Firstly, we create functions to deal with product images and use an LLM to select the best product image for display based on the product title. This helps to address scenarios where products come with images of material closeups and/or size charts, along with images of models wearing the product, and we want to pick the images from which users can get the most insights on the product at one glance as the thumbnail image.
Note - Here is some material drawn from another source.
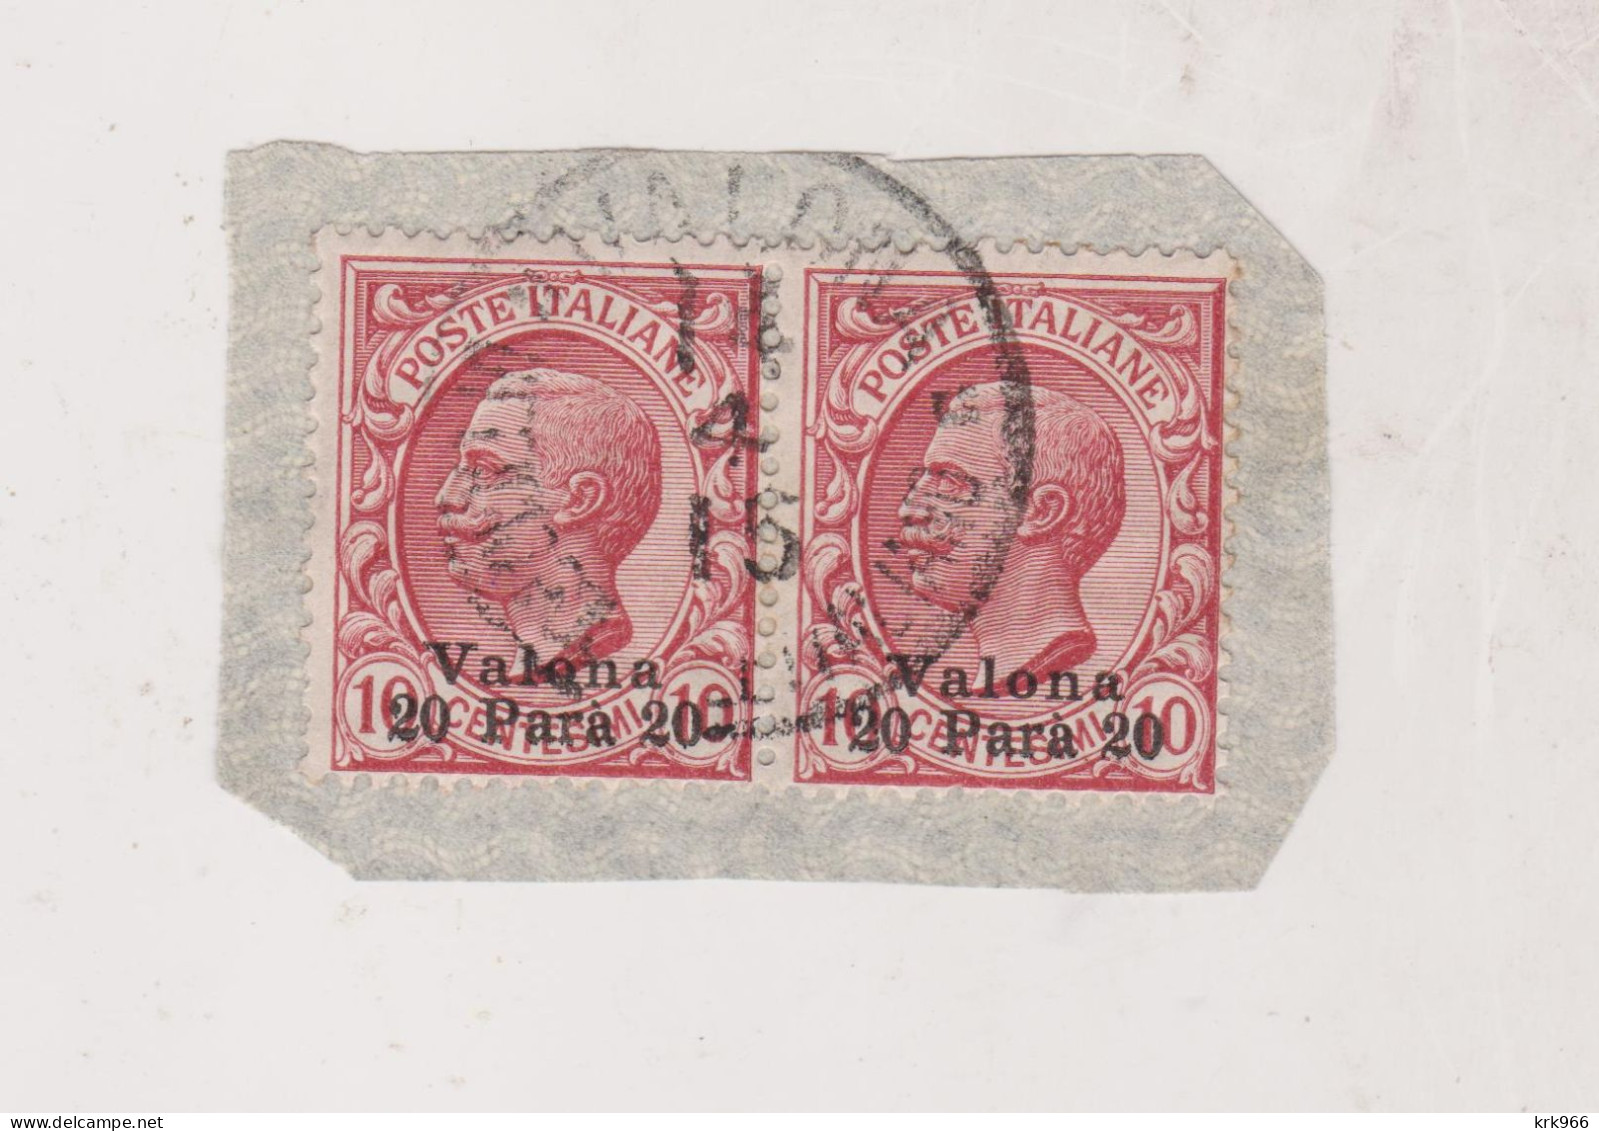 ITALY  ALBANIA VALONA Nice Stamps Used On Piece - Albanie

Secondly, we create a function that uses an LLM to construct a search query for use with Bedrock knowledge base, using an LLM to refine the search query based on user input and feedback, as well as selected product information. This allows for users to give input based on visual cues e.g. "I want something like this shirt but in black". 

3.0. [Set up](#3.0)

3.1. [Test and use the Bedrock Knowledge Base Retrieve API](#3.1)

3.2. [Create functions to handle product images](#3.2)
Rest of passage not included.